Tony Fiorillo, curator of earth sciences at the museum, will be featured Tuesday on PBS' NOVA: Arctic Dinosaurs. Crews followed him as he led expeditions to northern Alaska in 2006 and 2007 to unearth 70-million-year-old dinosaur fossils. The national broadcast, occurring before the second presidential debate, is big publicity for Dr. Fiorillo and the museum. "It gives us a chance to show what this museum does," Dr. Fiorillo said. Nicole Small, chief executive officer of the museum, said the exposure is a "spectacular opportunity for the city of Dallas." She said the program, which includes footage in Dallas, highlights the research that goes on out of the public eye.
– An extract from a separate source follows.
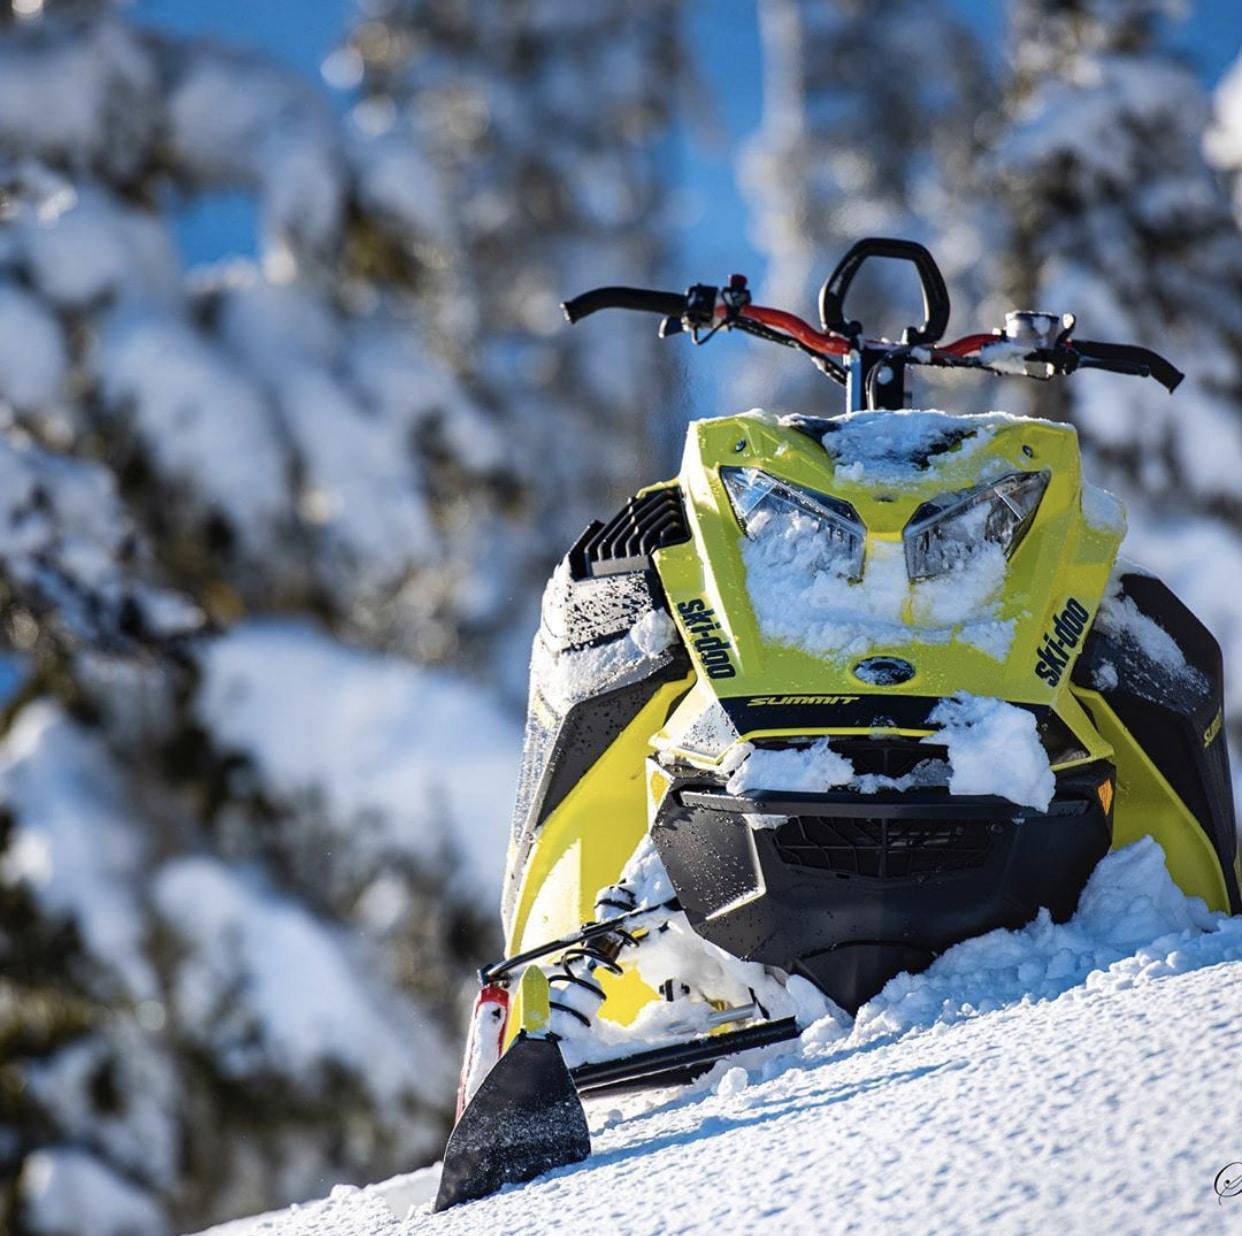 """Ma """"date"""" avec le Summit Turbo 850 E-TEC 2020 de Ski-doo"""

Dr. Fiorillo, who has a doctorate in vertebrate paleontology, has been with the Fair Park museum since 1995 and began work on the arctic dinosaur project in 1998. Weather has been the biggest hurdle in Alaska. Mid-June through mid-August is the only time for research in the area, which is well north of the Arctic Circle. But even the short summer season can be instantly slowed by bitterly cold winds. Film crews who followed Dr. Fiorillo and his team were present for the discovery of the skull of a pachyrhinosaurus, an herbivore that was a distant cousin of the more familiar triceratops. Its total length was 20 to 25 feet, and its skull is roughly the size of a typical desk. Dr. Fiorillo found the skull on the ledge of a cliff that sticks out 300 feet. After excavation, the skull was plastered, wrapped in burlap, put in heavy-duty netting and moved from the site by helicopter.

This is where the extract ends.